Banana · Oct 8, 2010

My apologies - I've missed that point. I have to admit it's very odd that a machine-generated import would not always include header or be at least consistent in the layout. At least you don't have to worry about data entry errors (unless the machine in question was that badly designed!) so Galaxiom's advice is probably the best solution - parse the significant cells in the leftmost column and decide what cell it is, then process it accordingly.

wiklendt · Oct 8, 2010

Banana said:
My apologies - I've missed that point. I have to admit it's very odd that a machine-generated import would not always include header or be at least consistent in the layout. At least you don't have to worry about data entry errors (unless the machine in question was that badly designed!) so Galaxiom's advice is probably the best solution - parse the significant cells in the leftmost column and decide what cell it is, then process it accordingly.

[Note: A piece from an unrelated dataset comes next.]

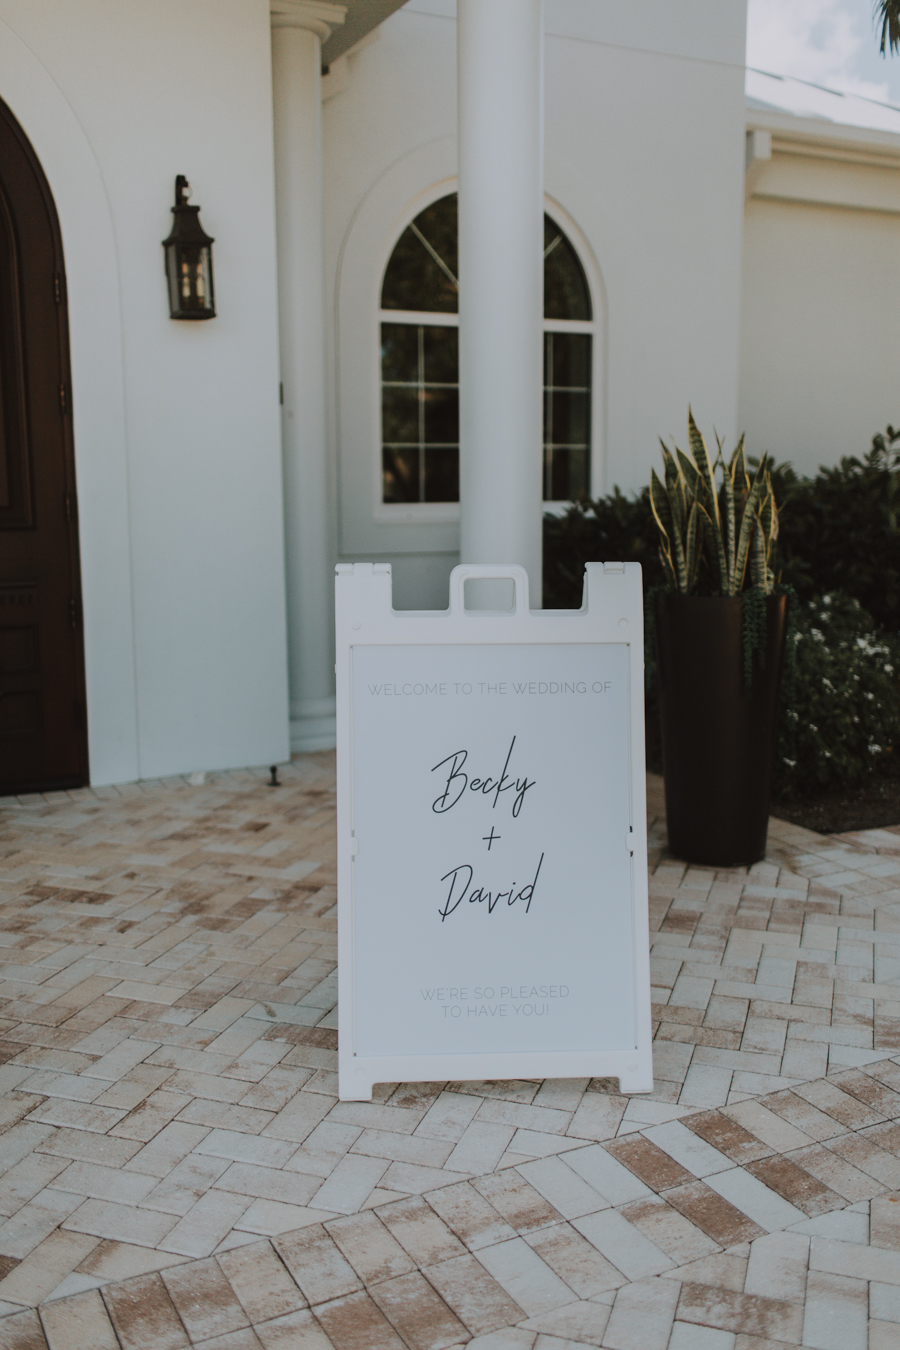 Harborside Chapel Wedding Clearwater Affordable Tampa Venues BHLDN Palm Harbor Safety Harbor Resort and Spa Wedding Malindy Elene Bridal St Pete Wedding Photographer Tampa Wedding Photographer-7.jpg

No worries - this is all a little inherently messy. I don't think the machine software was ever intended to be transfered from one source to another. The normal use of results in a clinical setting is to print the report, then ring the doctor/clinician with results. However, we're using it for research and therefore are interested in analysing the data and trends etc, so we want the data a little easier to use, be searchable, filterable, etc.

wiklendt · Oct 19, 2010

Banana said:
My apologies - I've missed that point. I have to admit it's very odd that a machine-generated import would not always include header or be at least consistent in the layout. At least you don't have to worry about data entry errors (unless the machine in question was that badly designed!) so Galaxiom's advice is probably the best solution - parse the significant cells in the leftmost column and decide what cell it is, then process it accordingly.

ok, i've had a go at starting on this and haven't got very far, LOL.

at the moment i'm starting from the basics: find a cell with specific value, then grab the value from the cell immediately to its right (according to the current excel structure, described at length in previous posts - see post 1 for attached pdf example).

i've managed to get a dialog box for users to select an xls file, which is successful and the file opens, but then i can't seem to do anything with it...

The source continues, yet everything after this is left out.